LukeForeverYoung / UReader

Apache License 2.0
102 stars 6 forks source link

您好!我在实现OCR识别功能的时候出现识别文本到一半就截断的现象,请问我该怎么做呢?是需要调整哪里的参数吗?非常感谢! #12

Closed Selvaggiar closed 3 months ago

Selvaggiar commented 6 months ago

识别文本到一半就截断的现象,例如: image

图片中含清晰文本, 可是UReader识别结果是:Document understanding refers to automatically extract, analyze and comprehend information from various types of documents, such 识别结果中途截断了。 不知道应该修改代码哪处,非常期待和感谢您的解答!

shlyahin commented 6 months ago

Hi, I have the same question. But I think, the thing is that during FT model was trained to give only short answers.
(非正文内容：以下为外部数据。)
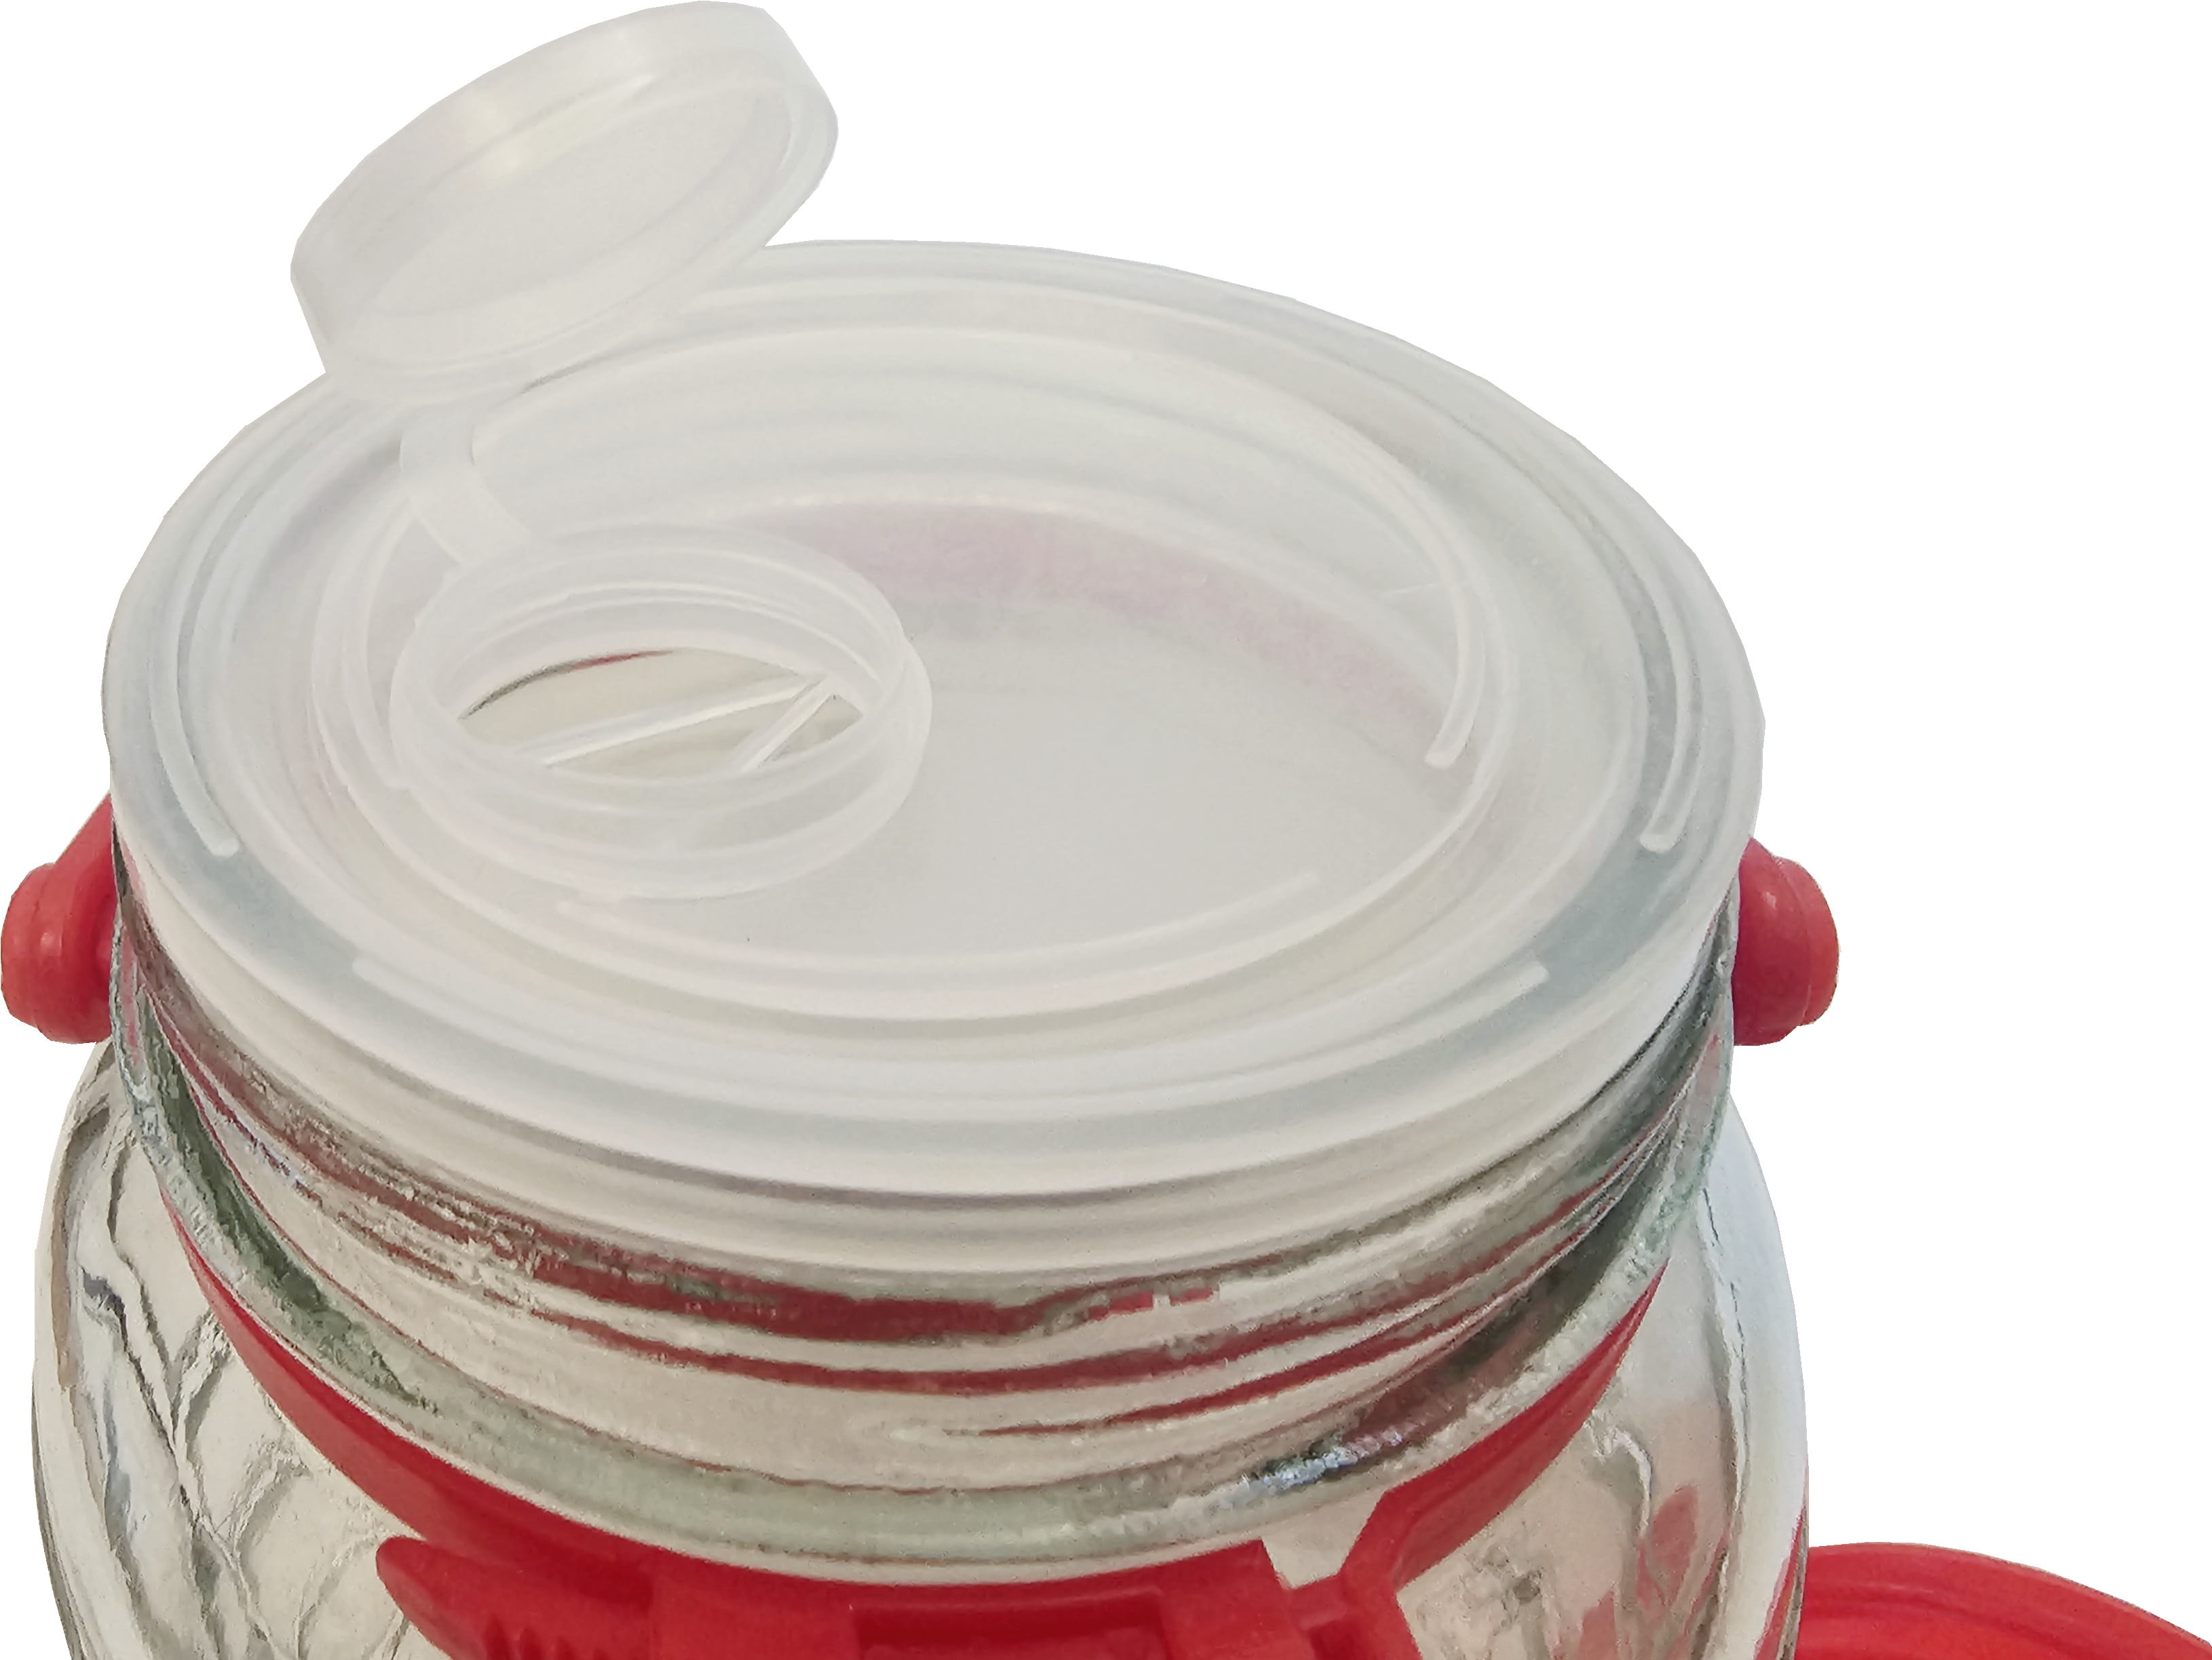 AGtrade 1 Gallon Glass Jar with Lid Wide Mouth Airtight Plastic Pour Spout Lids Bulk-Dry Food Storage Pickling Mason Jar Canister Raw Milk Bottle Jug

Maximum sequence length is 512 in generation parameters, so it does not limit answer generation.

Selvaggiar commented 3 months ago

Hi, I have the same question. But I think, the thing is that during FT model was trained to give only short answers. Maximum sequence length is 512 in generation parameters, so it does not limit answer generation.

The default value for the parameter,Maximum sequence length, should not be 512; when calling function XXX, it is necessary to specify a value for this parameter.